Awesome Lists | Featured Topics | Projects

https://github.com/vivekkdagar/pyquantify

CLI-based Semantic Analysis Tool
https://github.com/vivekkdagar/pyquantify

ai cli github linguagem-python linux machine-learning matplotlib-pyplot naive-bayes-classifier nlp package projects pypi python-packaging python3 semantic-analysis windows windows-11 wordcloud

Last synced: 2 months ago
JSON representation

CLI-based Semantic Analysis Tool

Awesome Lists containing this project

README

        

# pyquantify

Pyquantify is a powerful CLI tool for semantic analysis. It leverages natural language processing to unveil insights from text, files, or websites, empowering sophisticated data visualization and exploration.

## Badges

![Pyquantify Version](https://img.shields.io/badge/PyQuantify-1.2.0-brightgreen)

[![GPLv3 License](https://img.shields.io/badge/License-GPL%20v3-yellow.svg)](https://opensource.org/licenses/)

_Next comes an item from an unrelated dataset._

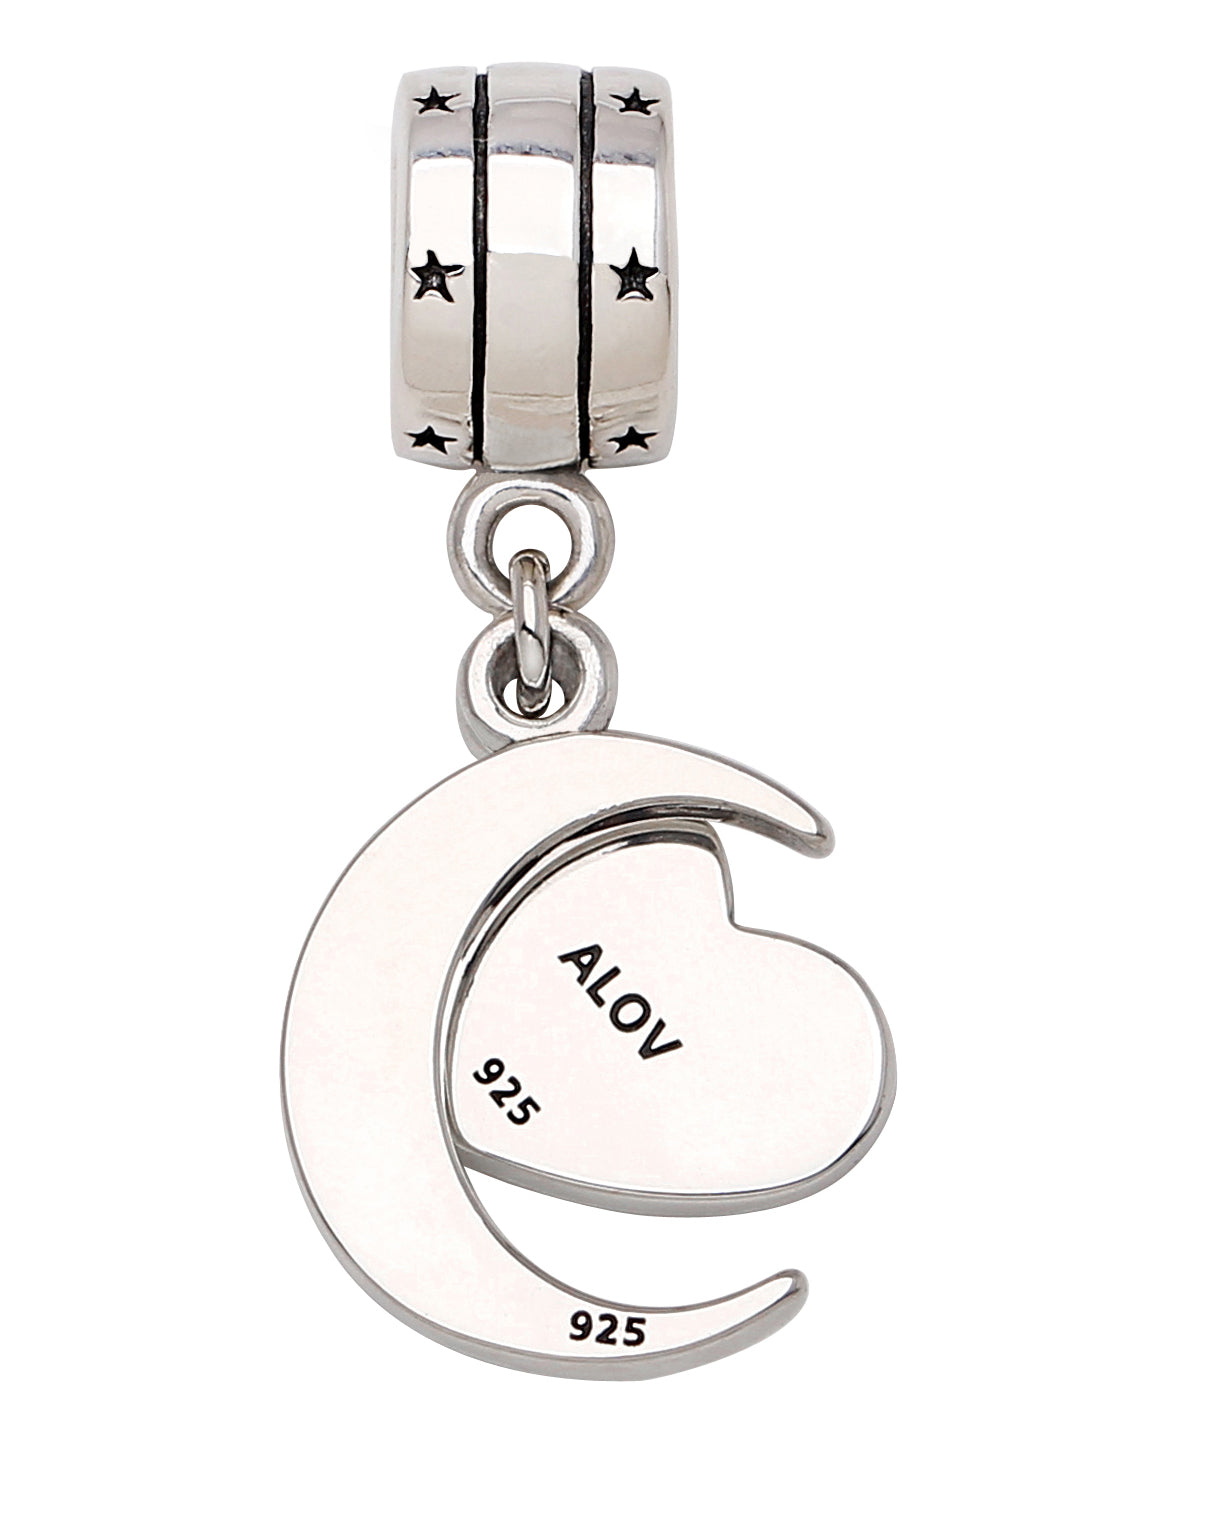 "I Love You To The Moon and Back" Two-Piece Pendant Bead Charm ALOV Sterling Silver

[![Python 3](https://img.shields.io/badge/Python-3-brightgreen)](https://www.python.org/)

## Table Of Contents
* [Features](#features)
* [Installation](#installation)
- [Install pyquantify with pip](#install-pyquantify-with-pip)
- [or you can build locally](#or-you-can-build-locally)
* [Before running pyquantify](#before-running-pyquantify)
* [Usage/Examples](#usageexamples)
* [FAQ](#faq)
* [Screenshots](#screenshots)
* [Acknowledgements](#acknowledgements)

## Demo

## Features

1. **Text Summarization**:
- Utilizes the BERT model for summarizing text.
- Provides caching functionality to speed up summarization for previously processed text.
- Supports exporting summaries to text files.

2. **Text Analysis**:
- Preprocesses text data including tokenization and part-of-speech tagging.
- Generates various metrics such as character count, word count, sentence count, etc.
- Analyzes morphological data including lemmatized forms, part-of-speech tags, and word frequencies.
- Performs sentiment analysis using the TextBlob library.
- Visualizes data through word clouds and word frequency charts.

3. **Text Processing**:
- Offers functionality for cleaning and preprocessing text data.
- Implements functions for generating word clouds and word frequency charts.
- Calculates cosine similarity between two texts.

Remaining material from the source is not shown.